For scoped or transient services (such as DbContext or HttpClient), use method injection on InvokeAsync — those parameters are resolved from the per-request scope on every invocation.

// v2 — DbContext was captured in the singleton middleware
internal sealed class SaveMiddleware(
    RequestMiddleware<TReq, TRes> next,
    AppDbContext db)
{
    public async Task InvokeAsync(RequestContext<TReq, TRes> context)
    {
        await db.SaveAsync(context.Request);
        await next(context);
    }
}
// v3 — DbContext is resolved fresh from the per-request scope
internal sealed class SaveMiddleware(RequestMiddleware<TReq, TRes> next)
{
    public async Task InvokeAsync(
        RequestContext<TReq, TRes> context,
        AppDbContext db)
    {
        await db.SaveAsync(context.Request);
        await next(context);
    }
}

Constructor injection remains the right choice for genuinely-singleton dependencies — ILogger<T>, TimeProvider, an options instance bound from configuration. The class is constructed once at registration time and reused; the captured dependency is shared across all requests, which matches the singleton lifetime. See Middleware for the full lifetime story.

Timeout exceptions are distinguishable

v3 throws TimeoutException for handler timeouts and OperationCanceledException for caller cancellation. If both fire, caller cancellation wins.

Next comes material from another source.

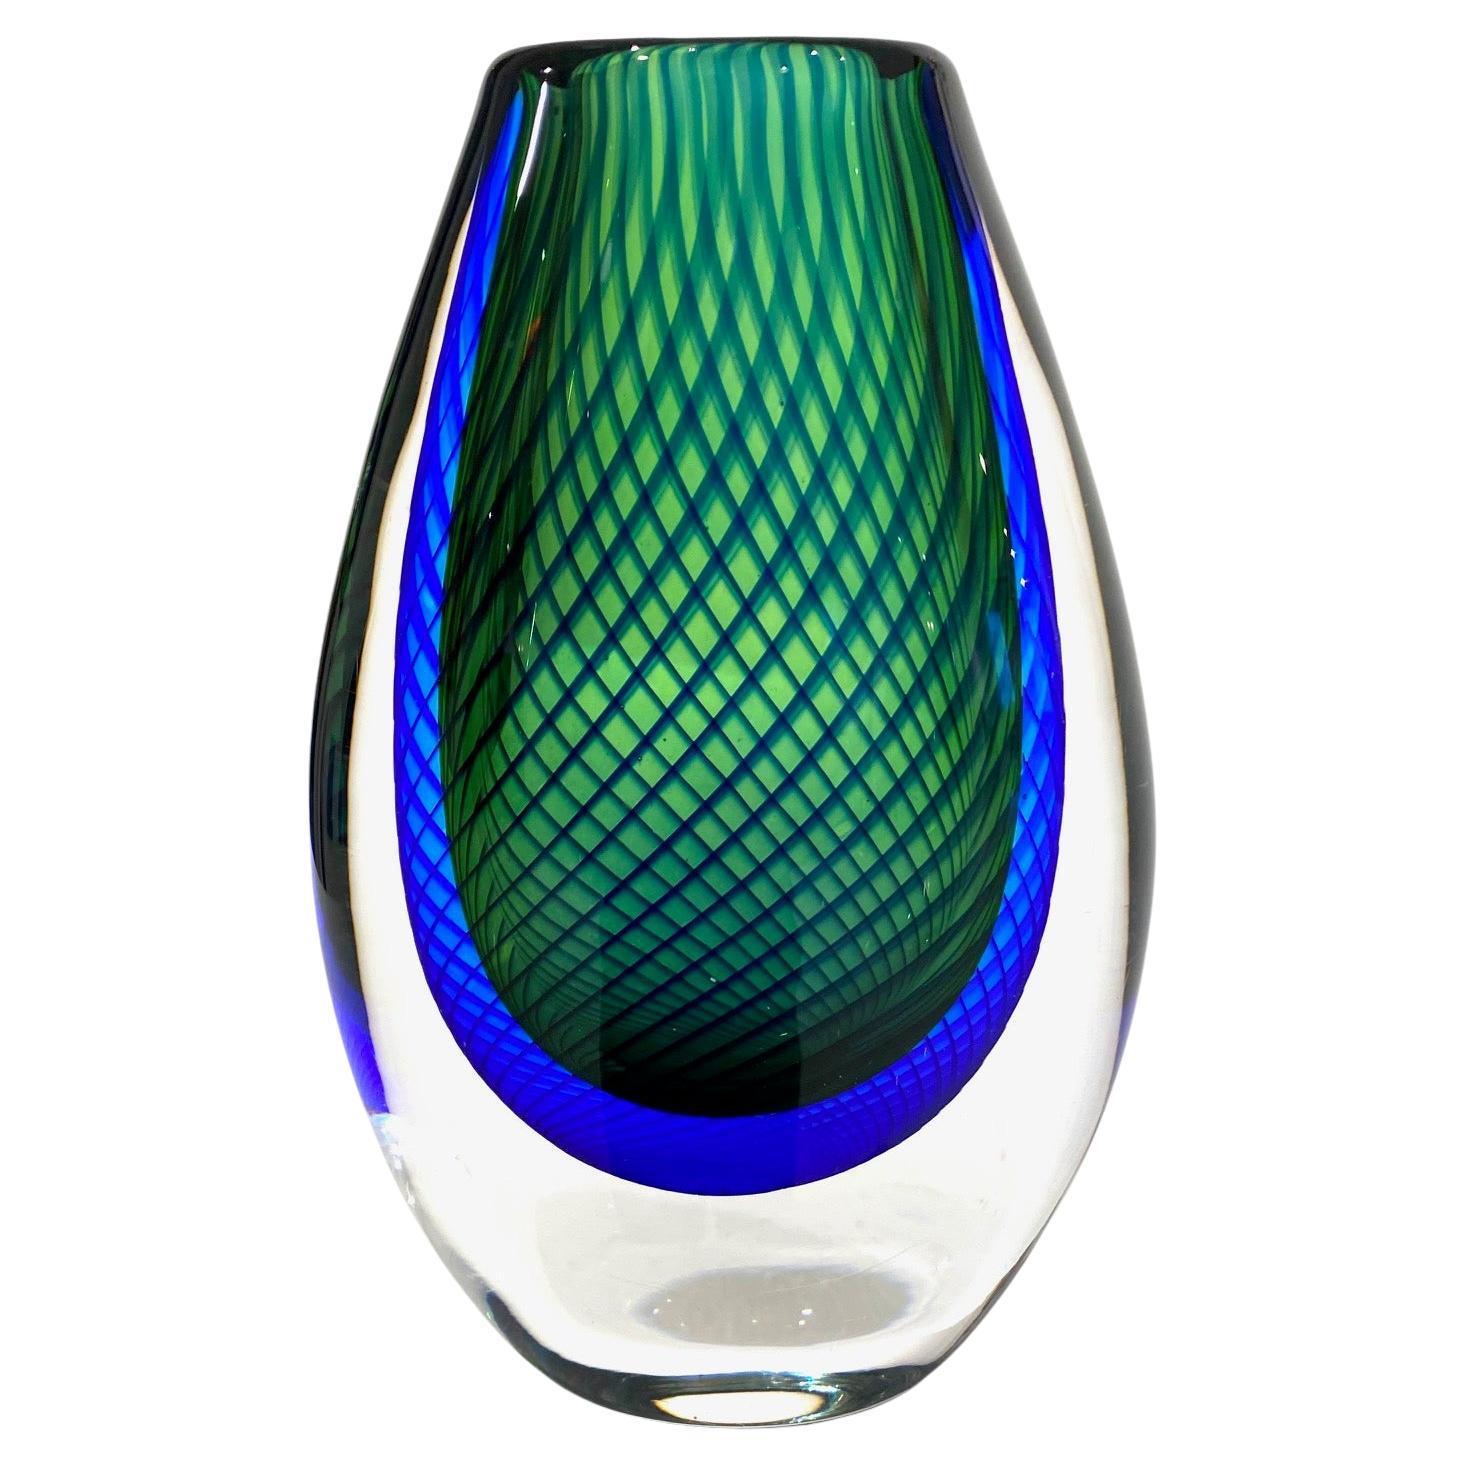 Vase en verre bleu et vert de Vicki Lindstrand pour Kosta Boda
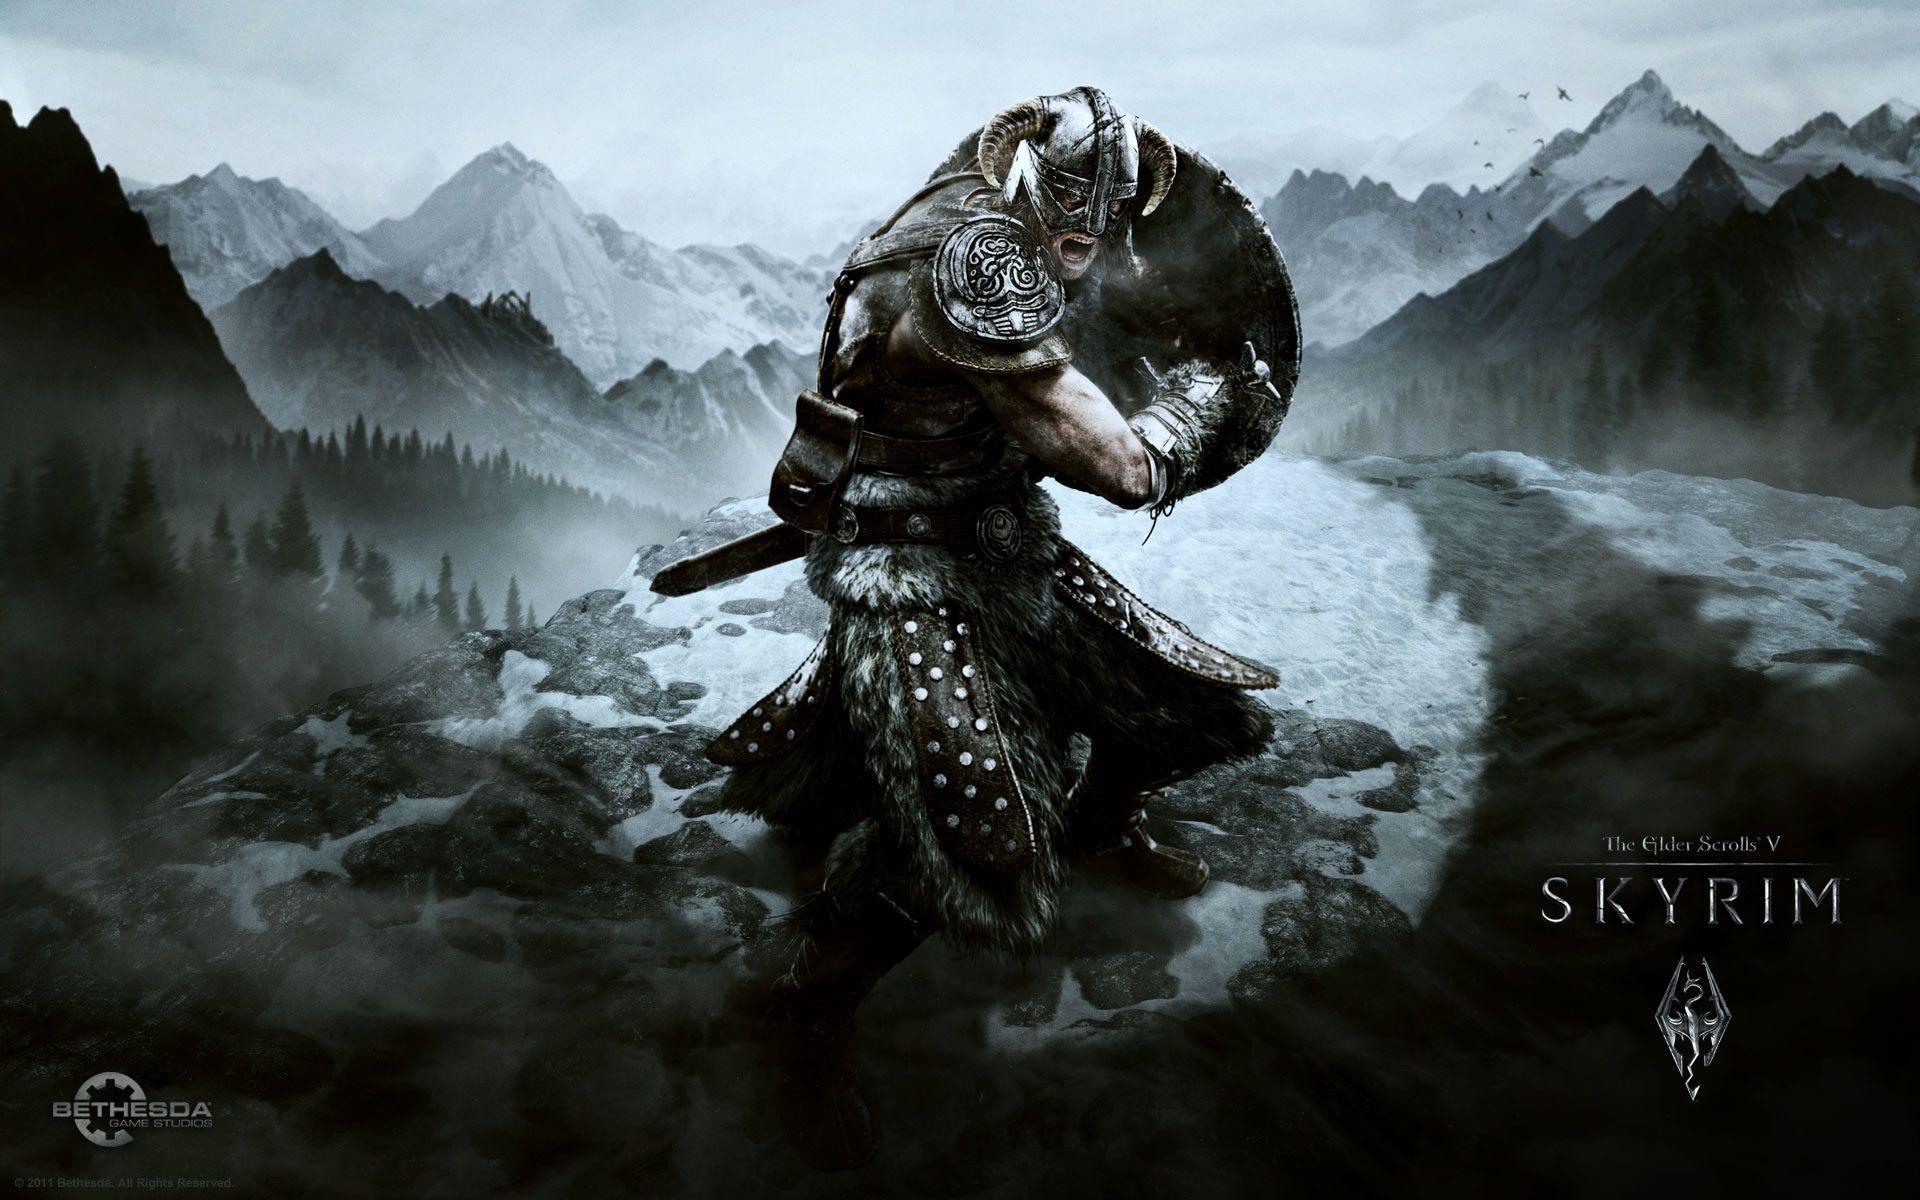 The Elder Scrolls V: Skyrim. PC Games Archive

Update any catch clauses that distinguished them by message.

// v2
catch (OperationCanceledException ex)
{
    if (ex.Message.Contains("timeout")) { /* ... */ }
}
// v3
catch (TimeoutException) { /* handler timeout */ }
catch (OperationCanceledException) { /* caller cancellation */ }

v2 surfaced both cases as OperationCanceledException, so callers had to inspect the message to tell them apart.

Handler is IDisposable

Wrap the handler in using. The handler owns the service provider it built — leaking it leaks the provider, the IConfiguration root, and any IDisposable services.

// v2
var handler = builder.Build();
var response = await handler.InvokeAsync(request);
// v3
using var handler = builder.Build();
var response = await handler.InvokeAsync(request);

The exception is host-mode handlers built via RequestHandler.Create(IServiceProvider) — those reuse an externally-owned provider and leave it untouched on Dispose. The wrapping using only marks the handler itself disposed.

Future migrations

Future major-version migrations will be appended below as new sections; v2 to v3 stays at the top for now since it is the only one.